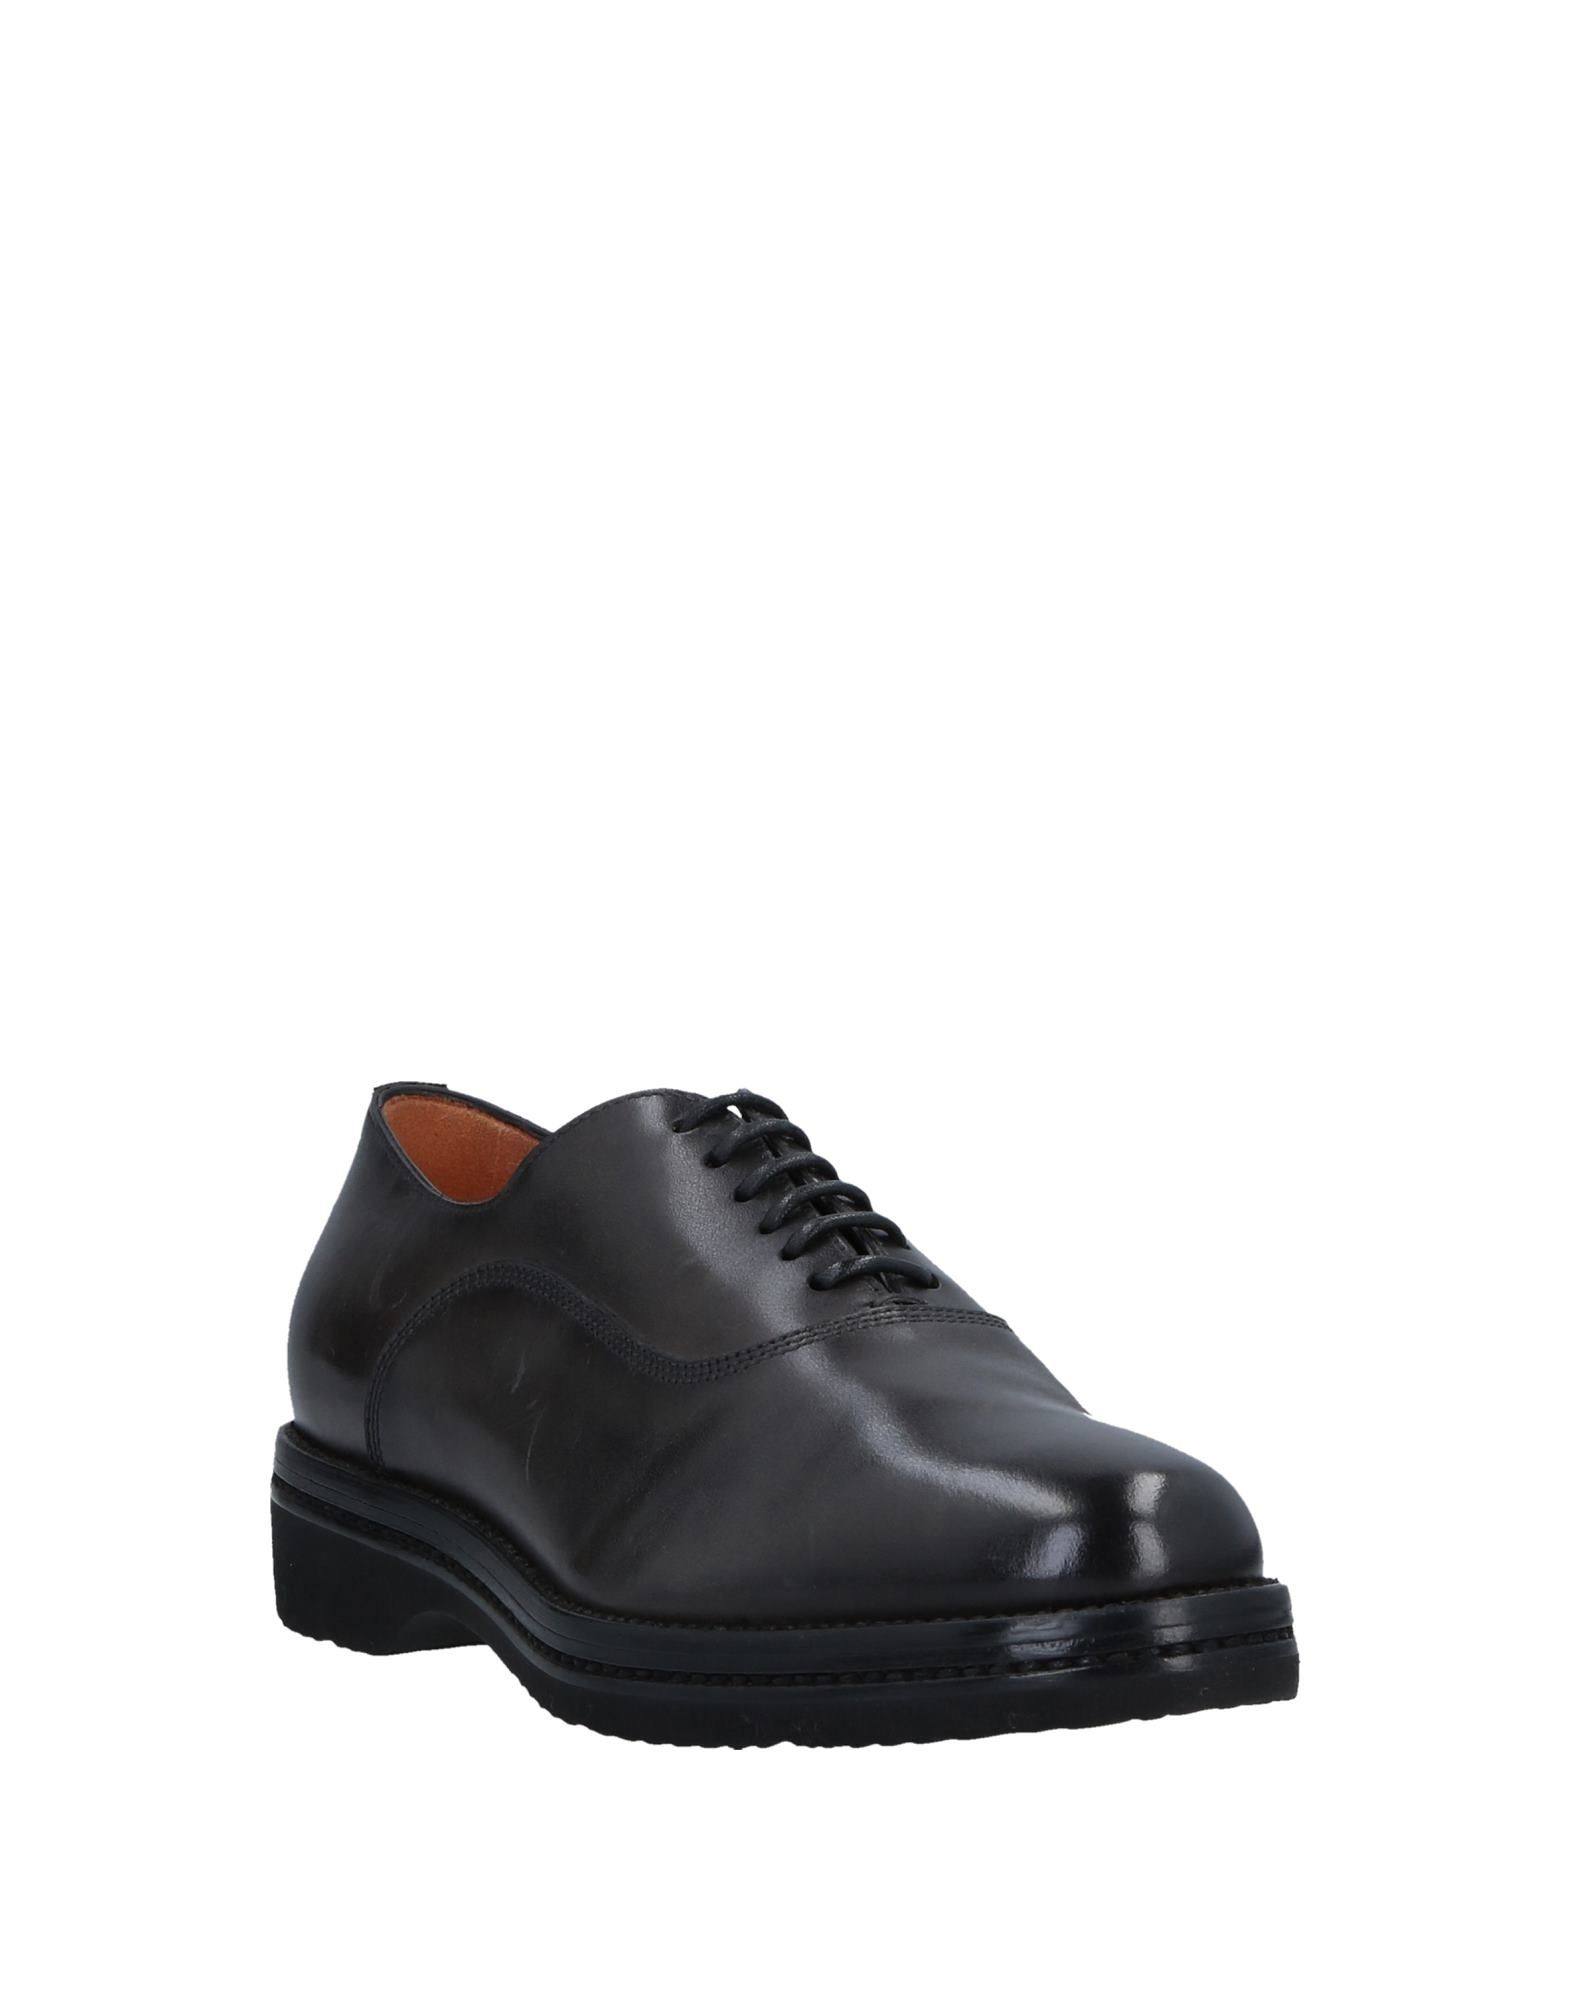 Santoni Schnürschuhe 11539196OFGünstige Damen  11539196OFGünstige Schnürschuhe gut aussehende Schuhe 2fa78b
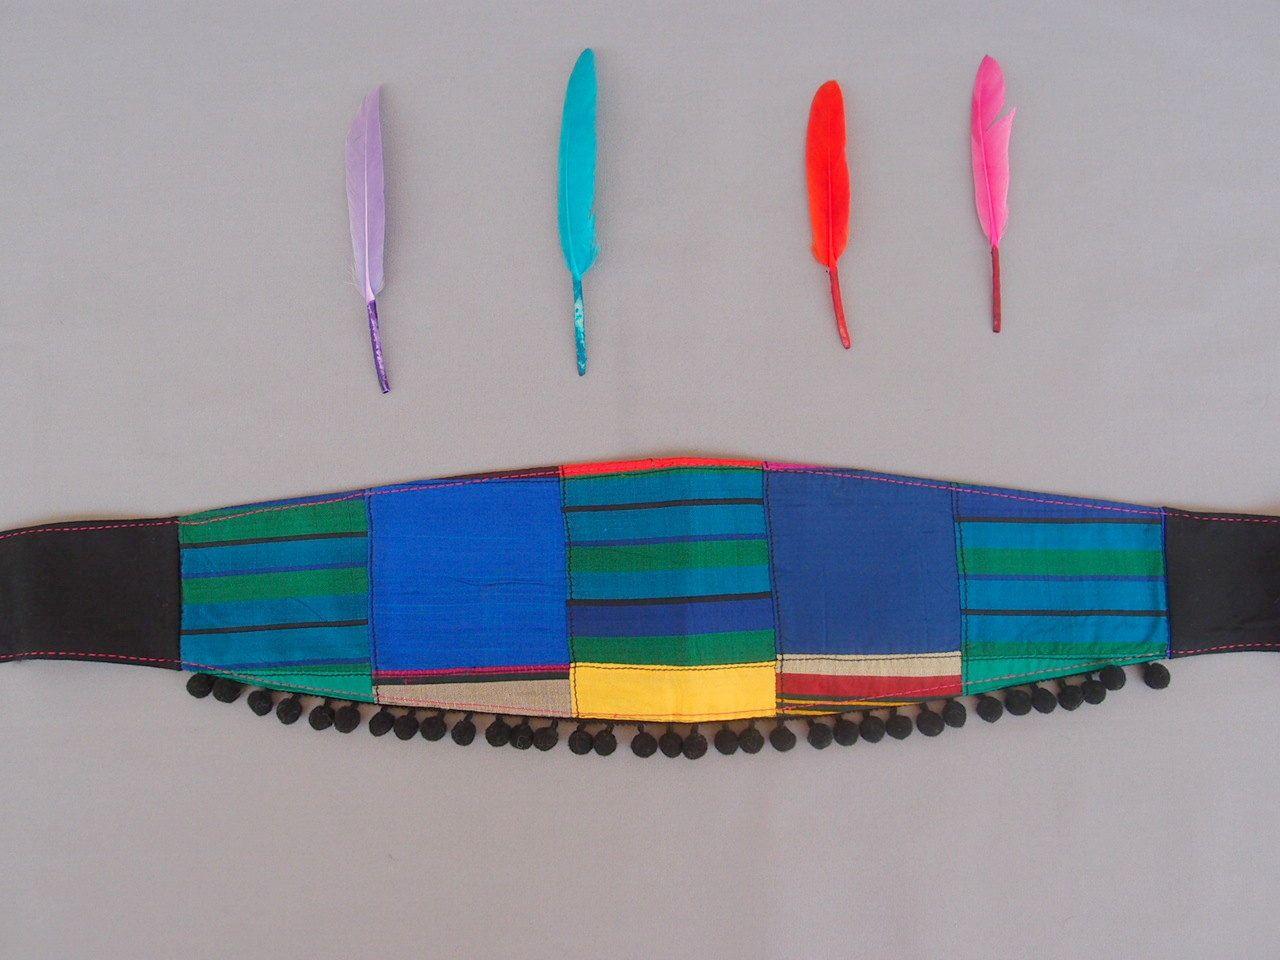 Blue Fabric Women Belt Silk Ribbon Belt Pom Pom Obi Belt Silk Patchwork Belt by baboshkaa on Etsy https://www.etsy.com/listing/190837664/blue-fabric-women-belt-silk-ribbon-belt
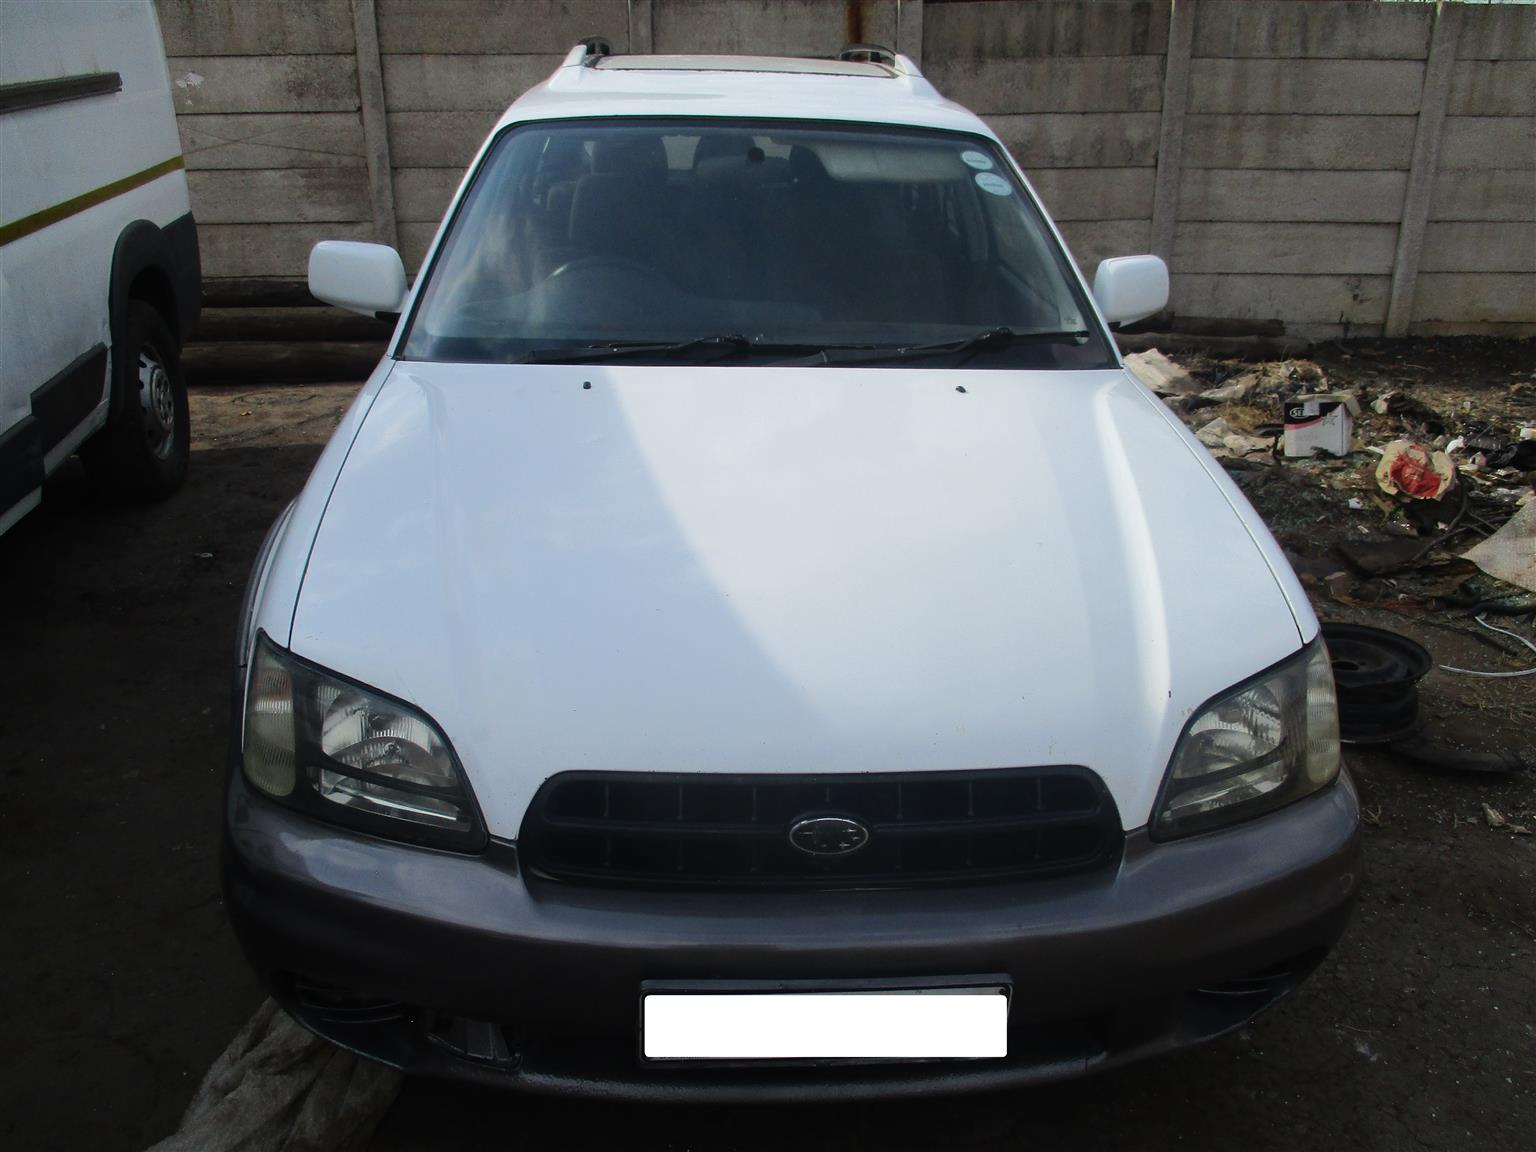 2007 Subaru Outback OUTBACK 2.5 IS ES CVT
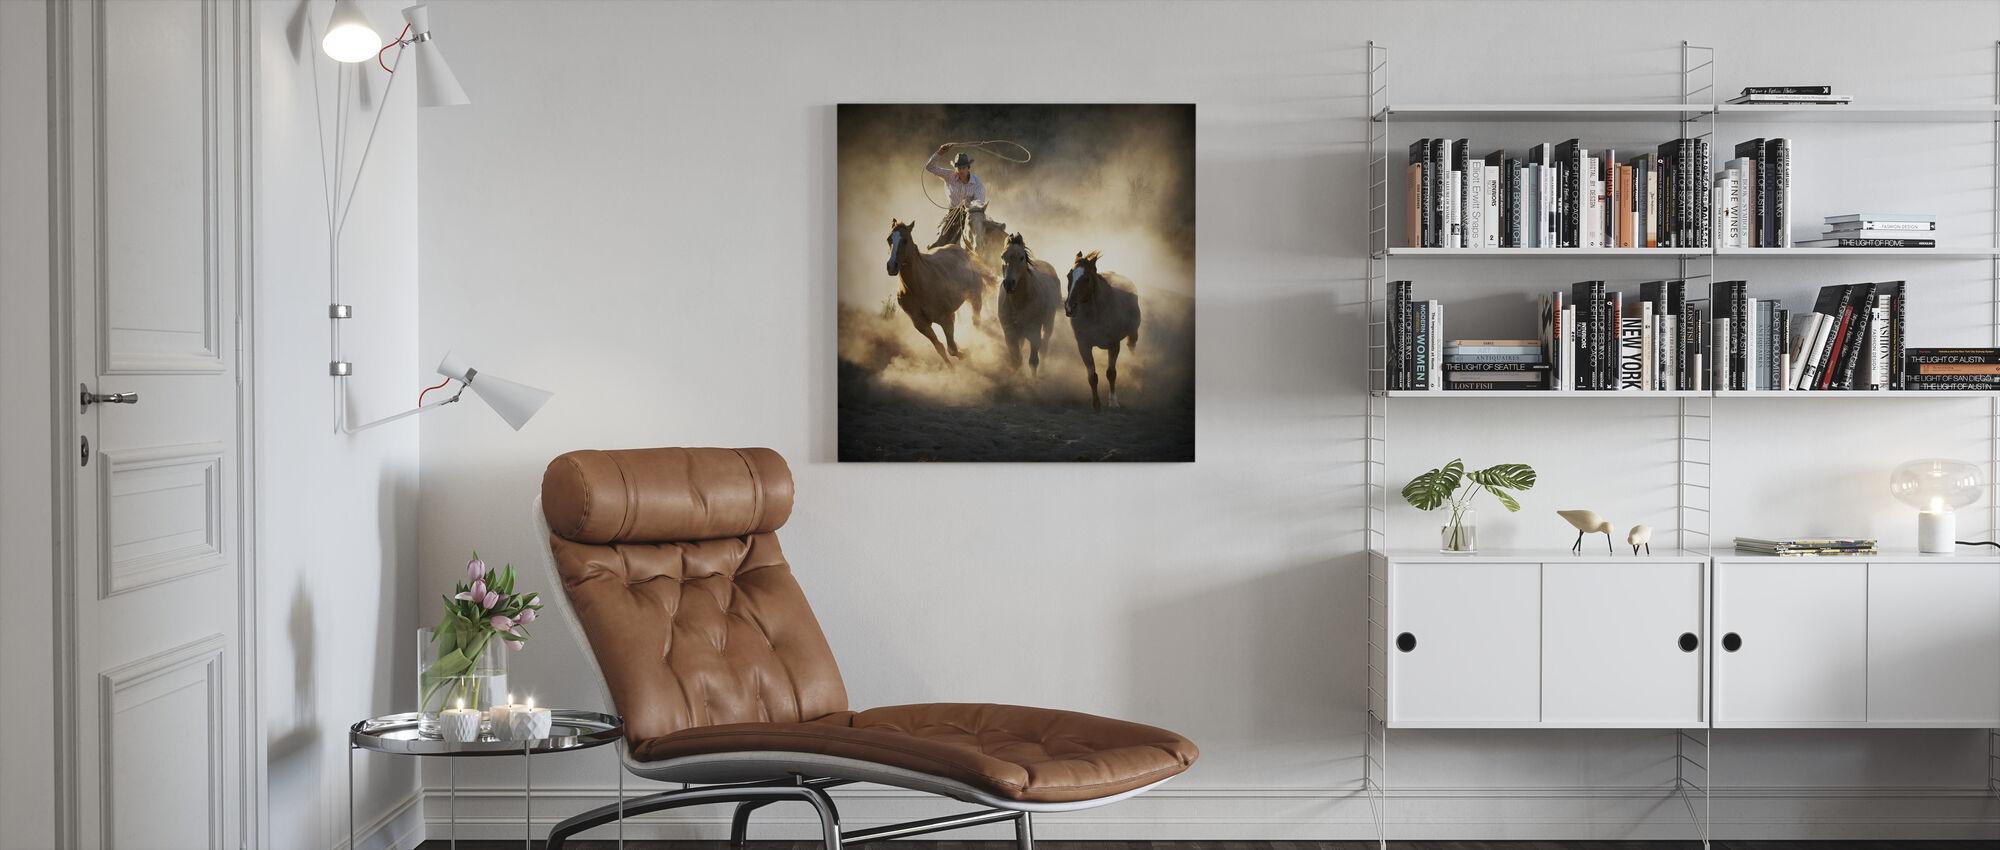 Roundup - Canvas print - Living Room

______________________________

__TASK STATEMENT__: What is needed is the data above, retyped exactly, with every picture left out.

__ANSWER TO THE PROBLEM__:
 Santoni Schnürschuhe 11539196OFGünstige Damen  11539196OFGünstige Schnürschuhe gut aussehende Schuhe 2fa78b
 Blue Fabric Women Belt Silk Ribbon Belt Pom Pom Obi Belt Silk Patchwork Belt by baboshkaa on Etsy https://www.etsy.com/listing/190837664/blue-fabric-women-belt-silk-ribbon-belt
 2007 Subaru Outback OUTBACK 2.5 IS ES CVT
 Roundup - Canvas print - Living Room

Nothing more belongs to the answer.